DETAILED DESCRIPTION OF THE INVENTION Field of the Invention The present invention relates to semiconductor substrates, and more particularly to semiconductor substrates having a plurality of integrated circuits formed thereon.

[Conventional technology]

When forming semiconductor integrated circuits, multiple integrated circuits are formed on a semiconductor substrate (hereinafter referred to as a wafer) using photolithography, diffusion, and ion implantation techniques, and then the formed integrated circuits are in an electrically normal state. In order to check whether this is the case, we conduct an electrical test using a blow μ, that is, a probe test.

During this electrical test, the semiconductor substrate is aligned using the optical pattern on the wafer, and a probe (hereinafter referred to as a probe) is brought into contact with the electrode pad of the integrated circuit to send an electrical signal or I'm taking it out.

- When fishing on a boat, when setting the wafer in the blow μ, first do it manually while looking through a microscope, and then store the initial state so that the wafer can be set automatically. It has become.

[Problem to be solved by the invention]

Generally, semiconductor integrated circuits formed on a wafer have the same pattern, and each one is small, about a few mm square.
Arranged in a very small period. Therefore, even if it is automatically set based on the memorized initial state,
There were cases in which the rows of chips to be inspected were shifted, making it impossible to accurately inspect the positions of the chips on the wafer. To prevent this, the first chip to be inspected on the wafer is marked.
Test results had to be checked later, and very high precision optical systems had to be used to increase the accuracy of automatic wafer positioning.

An object of the present invention is to provide a semiconductor substrate that solves the above problems.

[Means to solve the problem]

A semiconductor substrate of the present invention is a semiconductor substrate on which a plurality of integrated circuits are formed, and has a scribe line for separating a plurality of semiconductor chips individually, and a pitch interval wider than the scribe line, and the scribe line and an identification line formed on the top.

[Effect]

Since the semiconductor substrate of the present invention is configured as shown above, when automatically positioning the substrate during probe inspection, it is possible to do so while referring to the identification lines arranged at a relatively large pitch. Ru. Therefore, pitch deviation during automatic positioning can be prevented.

〔Example〕

Embodiments according to the present invention will be described below with reference to the drawings.

Elements with the same reference numerals have the same functions, so duplicate explanations will be omitted.

FIG. 1 shows a top view of a semiconductor substrate of an embodiment according to the present invention.

As shown in FIG. 1, a plurality of integrated circuits are formed in an array on a semiconductor substrate 1. As shown in FIG.

Further, scribe lines 2 for separating the respective integrated circuits are formed in a grid pattern. Furthermore, on this semiconductor substrate, there is a group consisting of a plurality of integrated circuits, in the example shown in Fig. 1, 5 integrated circuits horizontally and 4 integrated circuits vertically, a total of 20 integrated circuits. Each group A is separated by an identification line 3. This identification line 3 is formed on the scribe line 2.

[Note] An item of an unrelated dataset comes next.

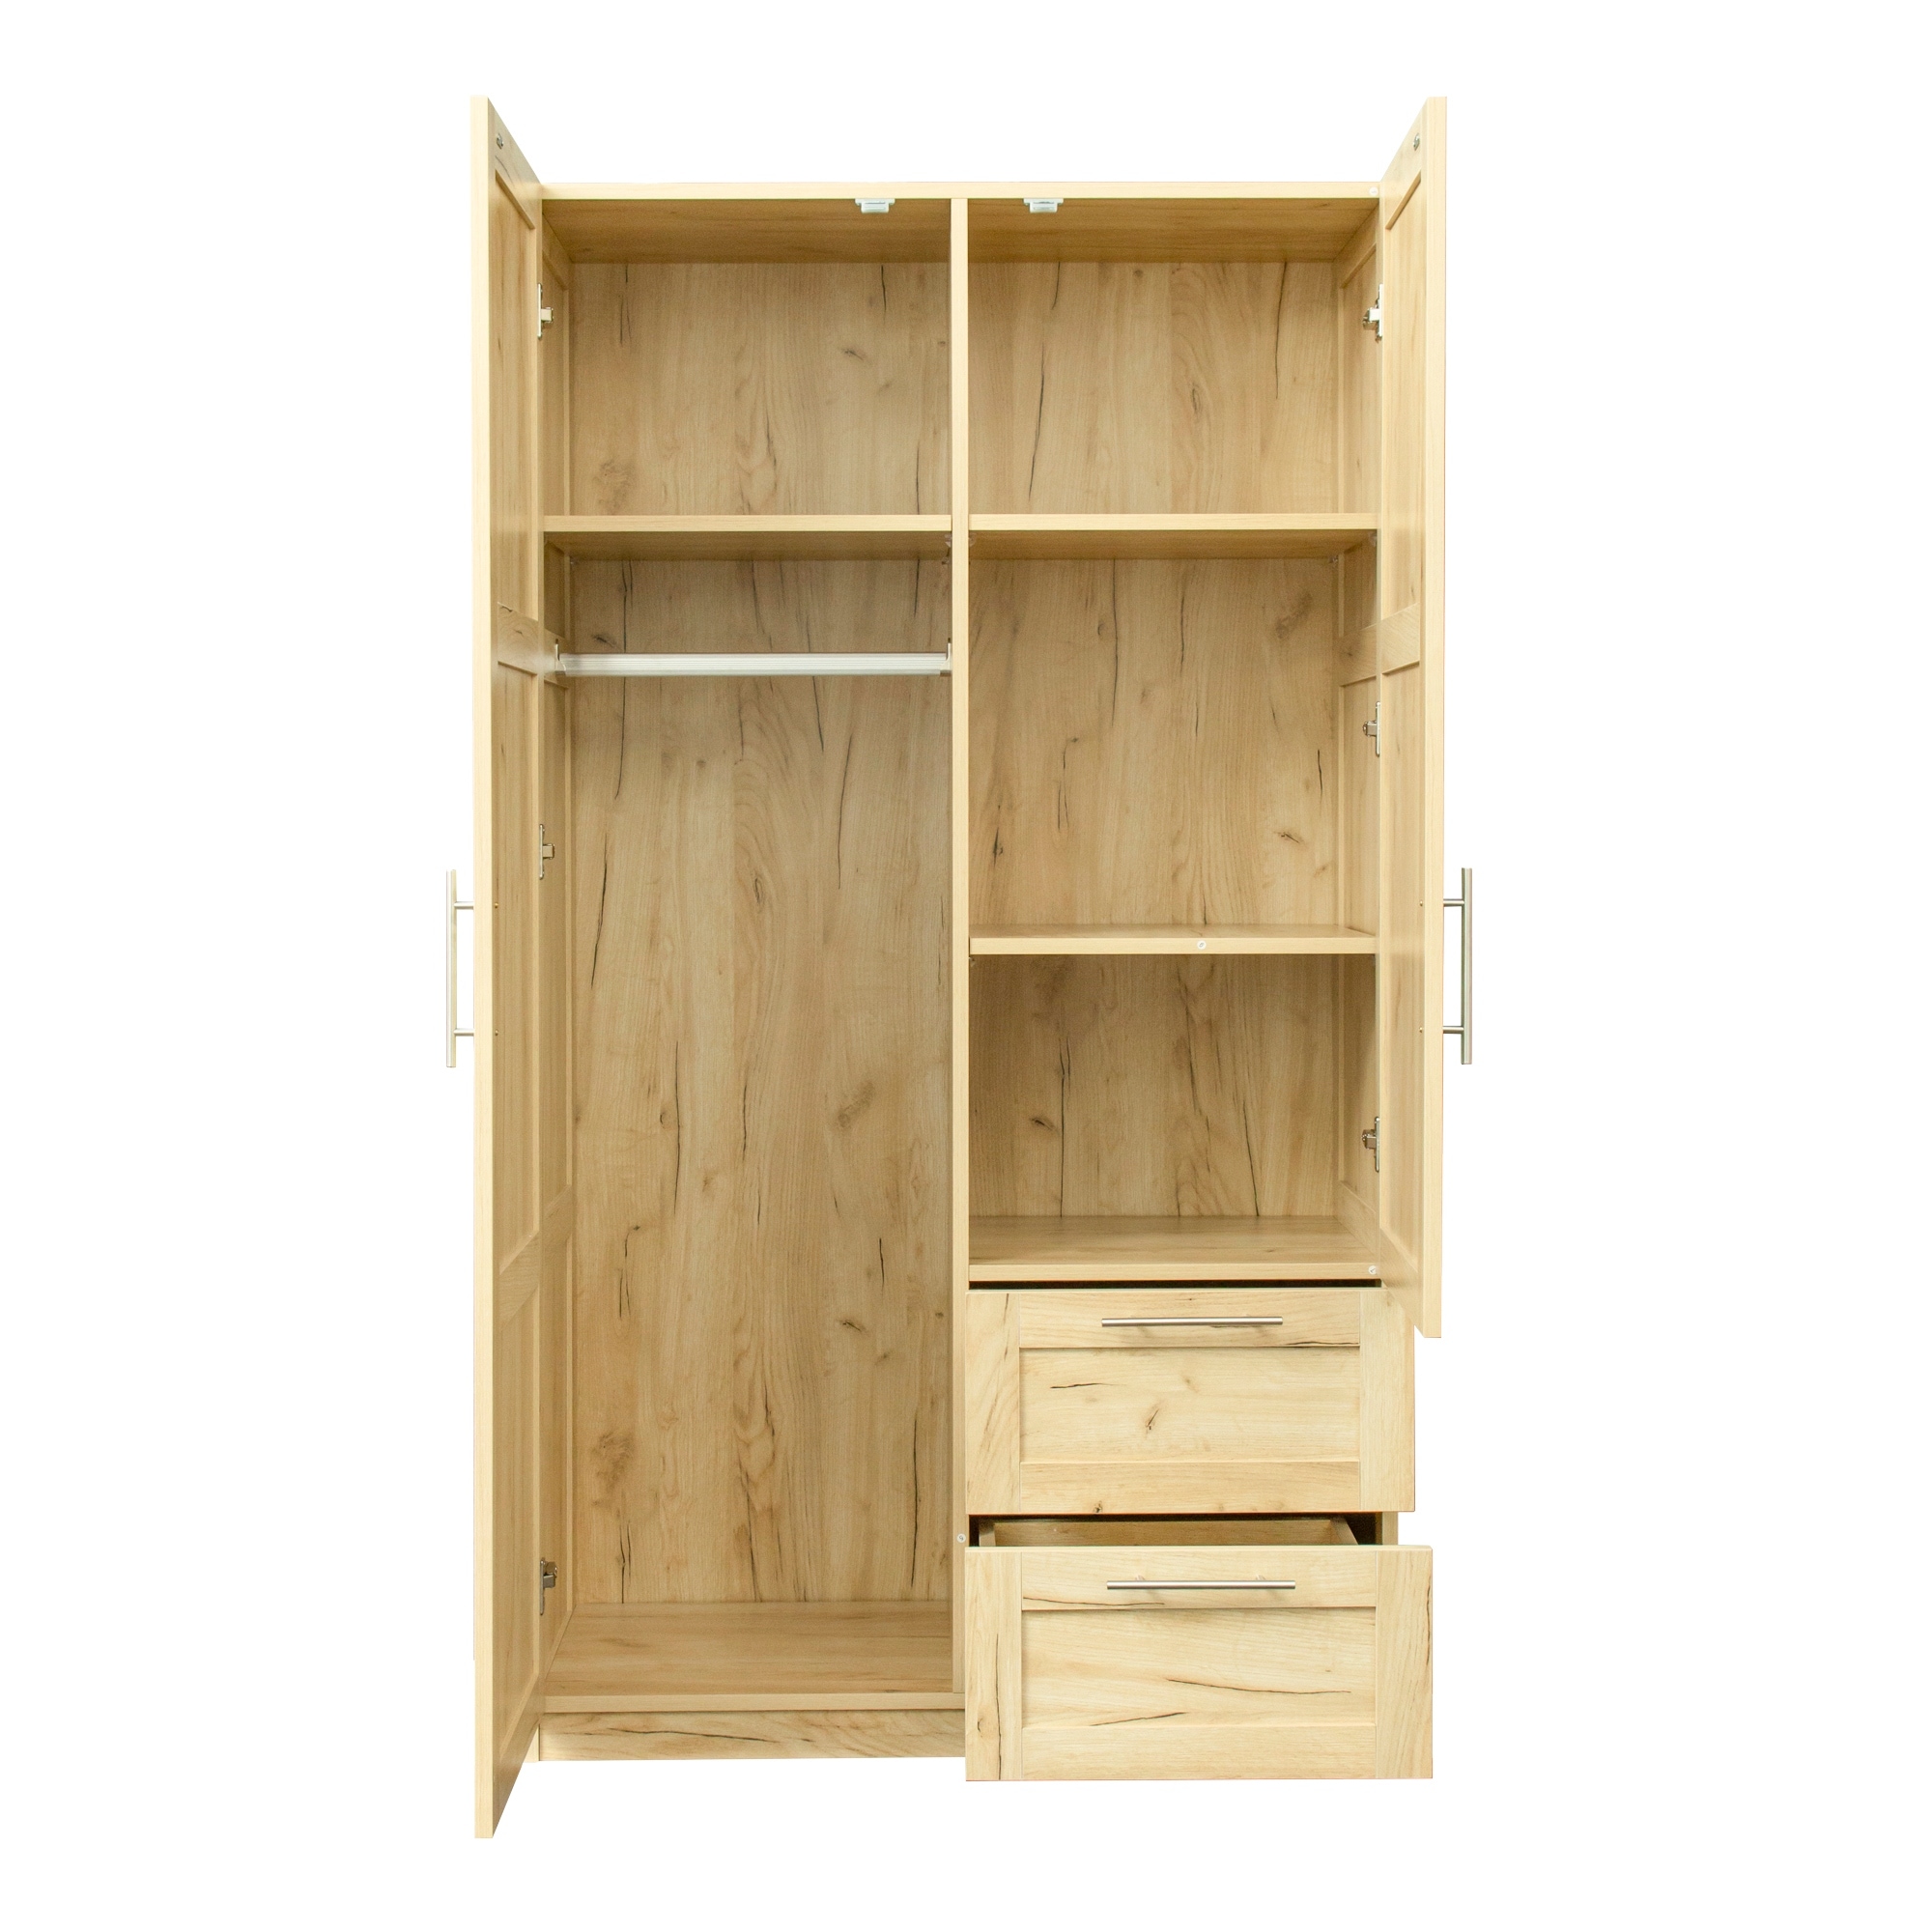 https://ak1.ostkcdn.com/images/products/is/images/direct/21e116d93db358c7300cd6e648300da1b05a4855/Tall-wardrobe-and-kitchen-cabinet-with-2-drawers-and-5-storage-spaces.jpg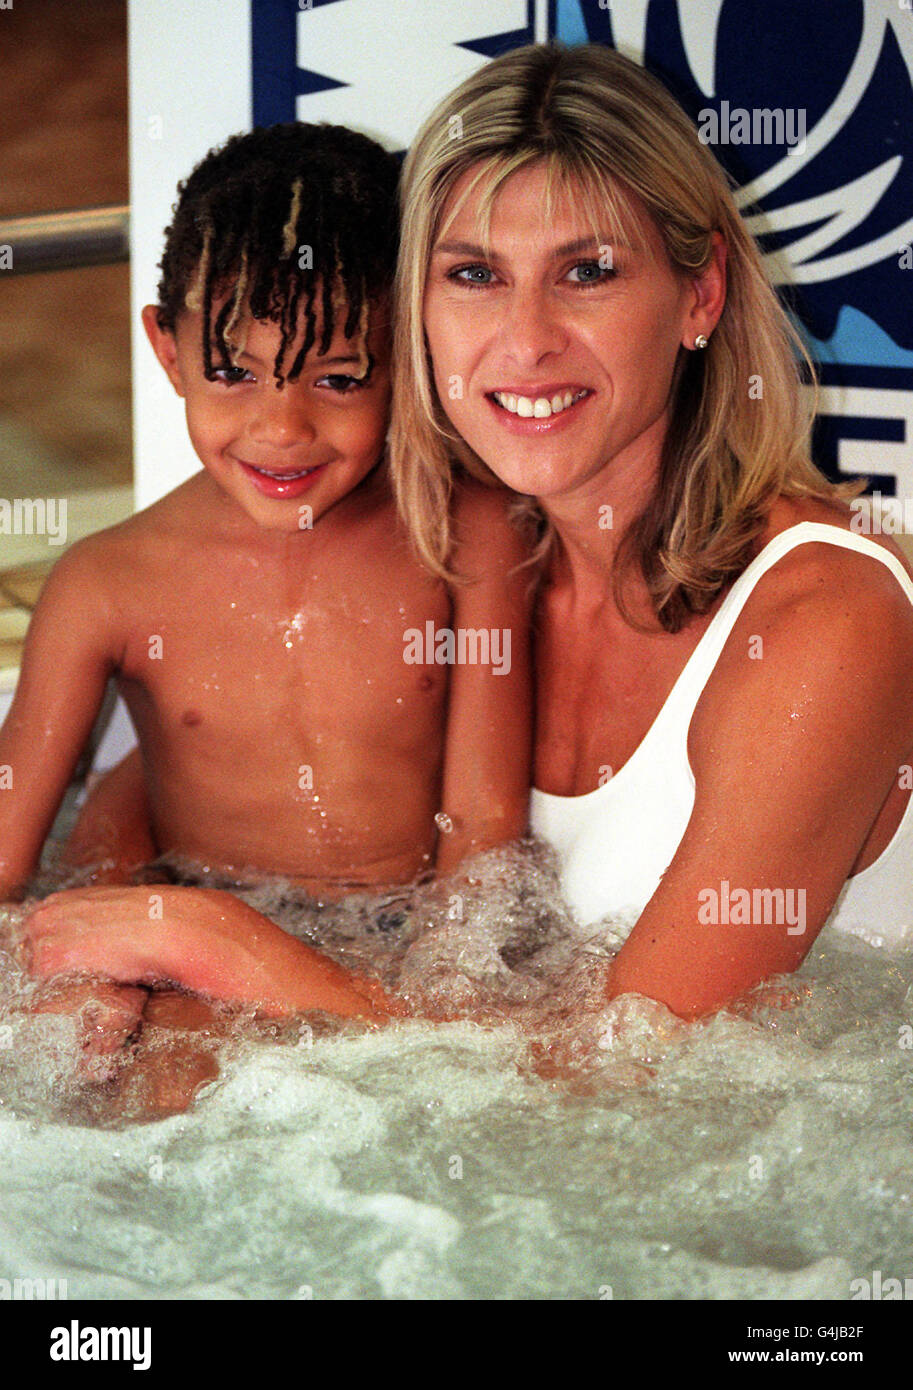 Former Olympic swimmer Sharron Davies enjoys a jacuzzi with her son Elliott at the Marriot Hotel in London's Marble Arch, at the launch of her Mile Swim Challenge in aid of the Imperial Cancer Research Fund. Stock Photo

One of the methods for forming the above-mentioned scribe lines and identification lines on a semiconductor substrate is the following method.

In recent years, when semiconductor elements are formed on a semiconductor substrate, a reduction projection aligner is used to form integrated circuits on the semiconductor substrate by sequentially shifting the positions of a certain number of blocks (4 x 5) of photomasks for integrated circuits. The pattern is burned in. Therefore, conventionally, the photomask was moved so that the scribe line was the same thickness at all positions, but the photomask was moved so that the scribe line at the boundary of a certain number of blocks became thicker. If the circuit pattern is printed on the semiconductor substrate, as shown in Figure 2(a),
The identification line 3a can be formed so that there are chips as large as 4 chips in the vertical direction and 5 chips in the horizontal direction. In this method, identification lines can be formed by simply changing the movement pitch of the photomask slightly compared to the conventional method during exposure using a reduction projection aligner without changing the conventional manufacturing process.

When an identification line is formed using this method, the size of the semiconductor chip adjacent to the identification line becomes larger than other semiconductor chips by the scribe line.

As a method other than the above method, as shown in FIG. 2(b), in order to make the size of the semiconductor element chip the same, the movement pitch of the photomask is made the same as the conventional one,
Chemical etching may be applied to eliminate the reflection of the scribe line corresponding to b. This is because semiconductor element chips usually have gloss and reflect light, so that non-reflective parts can be easily identified optically.

In addition, in order to make a predetermined scribe line of a semiconductor element chip non-reflective in this way, the part of the scribe line corresponding to the identification line of the pattern of the photomask used before the final etching process is changed, and the part of the scribe line corresponding to the identification line is changed. What is necessary is to etch it in the subsequent etching process. That is, by simply changing part of the pattern of the photomask, the identification line can be formed without changing the manufacturing process.

Alternatively, a change may be made by depositing metal on the scribe line that is to become the identification line. In this case, when forming a metal film for the wiring pattern of an integrated circuit and patterning the wiring, a portion of the wiring mask pattern corresponding to the scribe line corresponding to the identification line is not removed in the subsequent etching process. It is sufficient to use a similar pattern, and there is no need to change the manufacturing process.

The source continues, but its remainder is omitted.